Protesters in the U.S. are continuing to show up and speak out against police violence and anti-Blackness in the United States. The demonstrations have rallied groups of people together who are fed up with the status quo, and it seems they’re having an effect on political organizing as well: This week, political organizations such as Voto Latino and Rock the Vote reported that they’ve seen an uptick in voter registration numbers since people began taking to the streets.
According to CNBC, Voto Latino surpassed its June goal of registering 20,000 people in states such as Arizona and Texas. They’re on track to have 50,000 Latinos registered by the end of the week.

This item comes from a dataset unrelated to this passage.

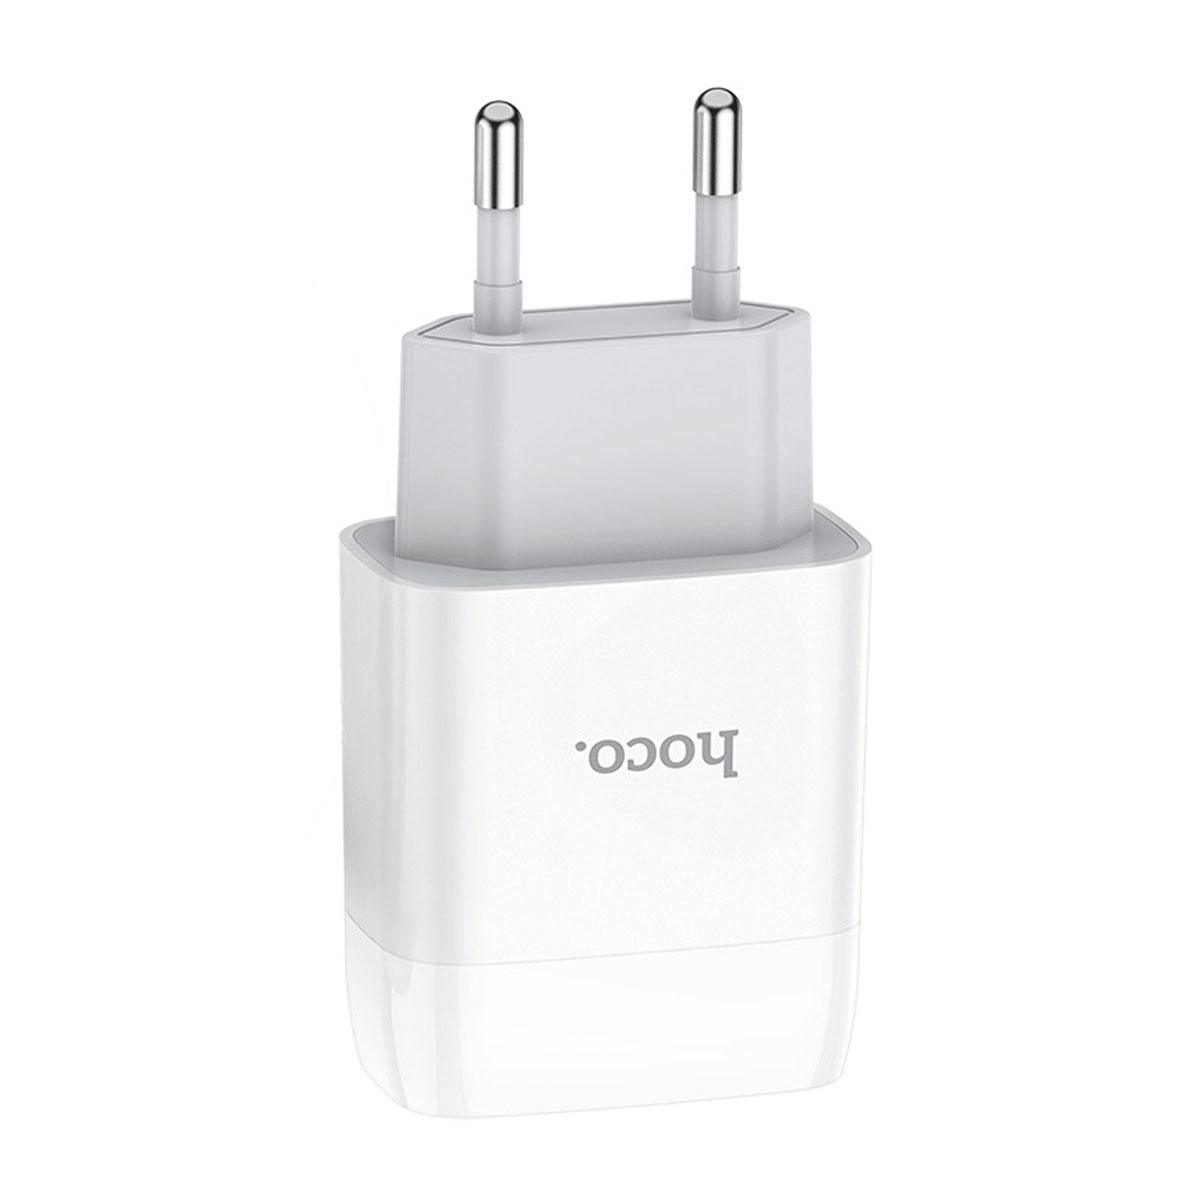 СЗУ (Сетевое зарядное устройство) HOCO C73A Glorious, 2 USB, цвет белый

Additionally, Voto Latino’s CEO Maria Teresa Kumar told the publication that the organization has been carrying out digital test ads to ensure Latinos know how their vote plays a role in the issues reflected during the protests.
In January of 2019, data from the Pew Research Center showed Latinos were on their way to becoming the largest ethnic group eligible to vote in 2020, projecting that there would be 32 million Latino individuals eligible to participate in the election. The demographic has been key in some swing states; Trump won 29% of the Latino vote in 2016. In a poll conducted by Telemundo in November of last year, 25 percent of Latinos say they would vote to reelect Trump. Most of the new registrations Voto Latino saw in recent days were from younger Latino voters.
A surge in voter registrations during the protest doesn’t necessarily mean there’s a direct correlation, but there have been other promising boosts in how much volunteering and financial support other organizations, such as When We All Vote, co-chaired by Michelle Obama. Carolyn DeWitt, CEO of Rock the Vote, told CNBC that the group saw the largest registrations in a single week amid the 2020 election cycle, and also noticed boosts in social media impressions.
“While we don’t necessarily have evidence right now until we dig into the motivations of registering at this moment, I think the urgency raised awareness that people believe change needs to happen,” she said.